AI’s role in financial services has evolved dramatically over the past decade:

• Early AI (2000s–2010s): Machine learning was first used for credit scoring, algorithmic trading, and basic anomaly detection. The focus was narrow but powerful, spotting outliers in transaction data to flag potential fraud.
• Modern AI (2020s): The rise of deep learning and large language models (LLMs) has unlocked broader applications. AI now powers conversational banking assistants, personalised investment advice, real-time risk scoring, and automated compliance checks.
• Generative AI: The latest wave has introduced new opportunities and risks. Attackers now use AI to generate synthetic identities, create convincing phishing campaigns, and even clone voices or video for social engineering attacks.

From my experience in the field, AI has lowered the barrier for attackers, and today, an attacker simply needs a laptop and an internet connection. Even language-based defences are no longer sufficient. For example, relying on linguistic cues, such as assuming emails written in Estonian are safe from phishing, is no longer adequate. AI can generate convincingly localised content in seconds, making these traditional protections nearly obsolete.

This evolution highlights the paradox of AI: the same sophistication that allows defenders to protect customers can also be exploited to deceive them.

AI as a weapon: the dark side of innovation

In financial services, AI-driven attacks are growing in frequency and sophistication. Some of the most concerning trends include:

1. Deepfake scams and synthetic identities
   Criminals use AI to generate realistic fake voices, videos, and documents. Fraudsters can impersonate executives in real-time during video calls or create entirely synthetic customers to bypass onboarding checks.
2. Phishing and social engineering at scale
   AI-driven text generation produces highly personalised phishing emails free from the telltale grammar mistakes of older scams. Attackers can tailor messages to specific financial institutions, products, or even individual employees.

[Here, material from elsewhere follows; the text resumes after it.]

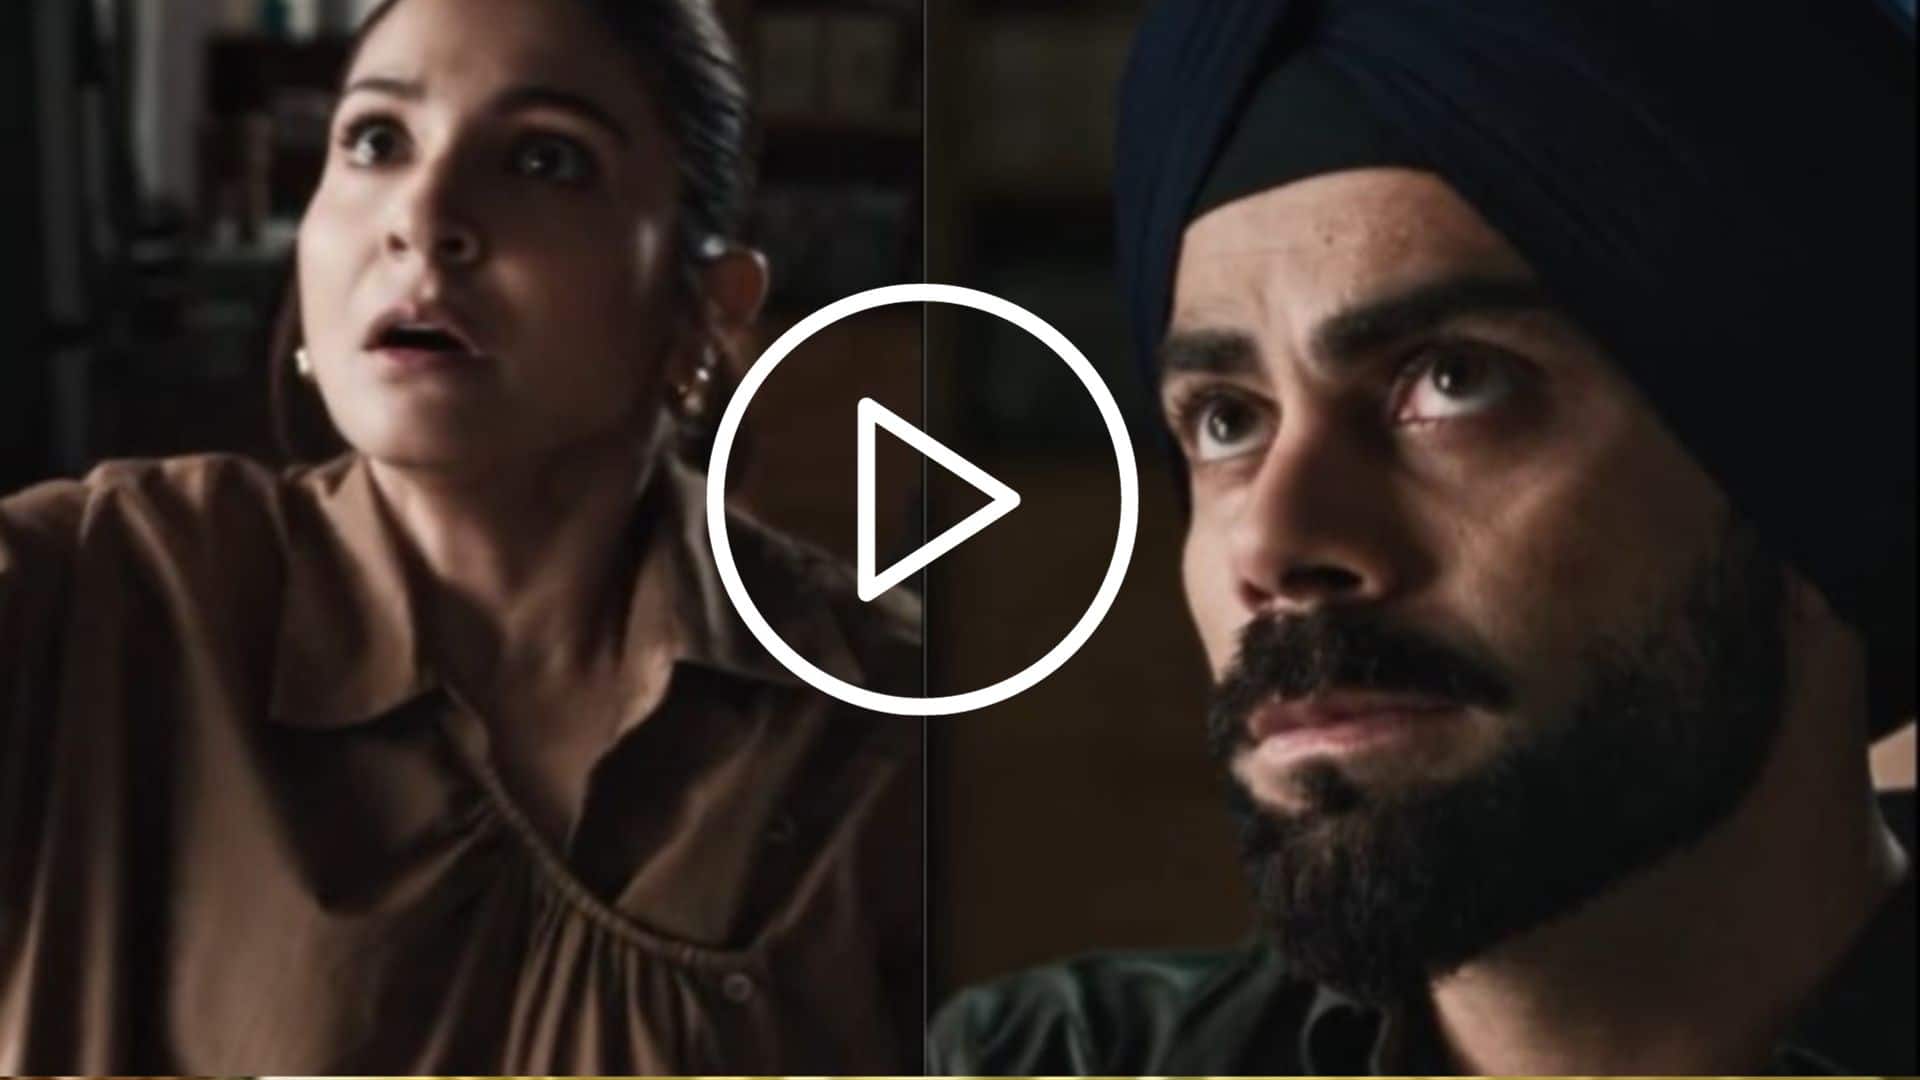 [Watch] Virat Kohli and Anushka Sharma Serve Up Scares and Laughs in Hilarious New Ad

From my experience, AI allows attackers to quickly analyse stolen datasets, extracting financial insights, social relationships, or behavioural patterns, which makes targeted phishing far more effective than ever before.
3. AI-powered negotiation and automation
   Attackers are now using AI chatbots to negotiate with victims or intermediaries in financial fraud cases, replacing humans in scenarios such as extortion or ransomware settlements. AI also automates iterative code improvements, enabling malware or fraud scripts to adapt and improve with minimal effort from human operators. These capabilities make even entry-level cybercriminals far more potent than in the past.
4. Fraudulent trading and market manipulation
   Attackers use AI to execute high-frequency trading manipulations or spread misinformation on social platforms to influence stock prices.

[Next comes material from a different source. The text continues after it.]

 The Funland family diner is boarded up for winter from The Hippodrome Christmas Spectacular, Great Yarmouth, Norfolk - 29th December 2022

AI as a shield: defending the financial sector

Fortunately, AI is also the most effective defence against these threats. Banks and fintechs are deploying advanced AI to protect customers and infrastructure:

1. Real-time fraud detection
   AI analyses vast amounts of transaction data in milliseconds, identifying anomalies that human analysts would miss. These models continuously adapt to detect new fraud tactics.
2. Threat intelligence and SOC augmentation
   AI assists security operations centres (SOCs) by triaging alerts, correlating threat intelligence feeds, and even predicting emerging attack vectors.
3. Customer protection
   Virtual assistants powered by AI help customers detect fraud, report suspicious activity, and receive guidance faster than human-only call centres.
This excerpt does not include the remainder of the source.